[Items from a data source]
++++++++++

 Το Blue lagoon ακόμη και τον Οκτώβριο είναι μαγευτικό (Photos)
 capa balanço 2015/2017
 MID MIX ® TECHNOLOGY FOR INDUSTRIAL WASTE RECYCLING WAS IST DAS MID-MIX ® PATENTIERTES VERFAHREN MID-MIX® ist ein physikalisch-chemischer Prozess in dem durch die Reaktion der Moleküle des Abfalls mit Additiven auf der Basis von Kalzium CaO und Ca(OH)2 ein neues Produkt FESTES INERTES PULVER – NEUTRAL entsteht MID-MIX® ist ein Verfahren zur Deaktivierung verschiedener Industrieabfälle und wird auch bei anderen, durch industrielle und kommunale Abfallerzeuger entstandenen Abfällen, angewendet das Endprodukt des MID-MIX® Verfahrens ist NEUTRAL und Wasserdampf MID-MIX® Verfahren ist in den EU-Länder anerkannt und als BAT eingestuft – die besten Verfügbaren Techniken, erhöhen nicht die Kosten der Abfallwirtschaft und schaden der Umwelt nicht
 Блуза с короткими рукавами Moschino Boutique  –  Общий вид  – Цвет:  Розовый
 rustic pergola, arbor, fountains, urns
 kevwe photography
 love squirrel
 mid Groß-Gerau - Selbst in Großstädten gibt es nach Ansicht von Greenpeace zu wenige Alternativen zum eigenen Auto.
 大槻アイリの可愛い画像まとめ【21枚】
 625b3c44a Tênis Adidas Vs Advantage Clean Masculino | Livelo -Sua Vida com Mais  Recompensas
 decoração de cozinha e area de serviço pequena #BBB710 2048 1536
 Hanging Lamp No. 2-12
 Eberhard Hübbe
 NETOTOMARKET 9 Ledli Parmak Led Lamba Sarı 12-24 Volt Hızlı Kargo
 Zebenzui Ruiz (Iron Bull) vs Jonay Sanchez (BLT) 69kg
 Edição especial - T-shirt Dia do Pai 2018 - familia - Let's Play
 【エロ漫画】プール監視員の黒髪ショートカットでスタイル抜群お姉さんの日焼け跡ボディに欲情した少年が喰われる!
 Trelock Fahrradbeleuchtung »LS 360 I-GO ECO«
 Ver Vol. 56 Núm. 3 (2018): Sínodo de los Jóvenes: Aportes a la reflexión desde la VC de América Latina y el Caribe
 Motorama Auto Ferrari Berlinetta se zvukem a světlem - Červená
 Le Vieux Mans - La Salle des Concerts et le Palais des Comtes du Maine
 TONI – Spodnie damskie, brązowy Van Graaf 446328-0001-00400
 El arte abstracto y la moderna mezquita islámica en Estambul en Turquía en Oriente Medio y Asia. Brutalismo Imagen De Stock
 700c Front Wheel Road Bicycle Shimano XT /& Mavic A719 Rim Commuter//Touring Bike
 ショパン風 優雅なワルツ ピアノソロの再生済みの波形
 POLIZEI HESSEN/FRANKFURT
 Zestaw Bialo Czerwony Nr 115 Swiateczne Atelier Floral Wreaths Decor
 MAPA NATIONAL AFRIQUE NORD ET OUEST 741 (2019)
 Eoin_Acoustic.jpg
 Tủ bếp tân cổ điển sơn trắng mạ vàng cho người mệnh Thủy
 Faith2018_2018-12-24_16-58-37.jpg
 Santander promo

++++++++++

TASK ITEM ▸
Report each line above containing the string "Auto".

RESPONSE ▸
 mid Groß-Gerau - Selbst in Großstädten gibt es nach Ansicht von Greenpeace zu wenige Alternativen zum eigenen Auto.
 Motorama Auto Ferrari Berlinetta se zvukem a světlem - Červená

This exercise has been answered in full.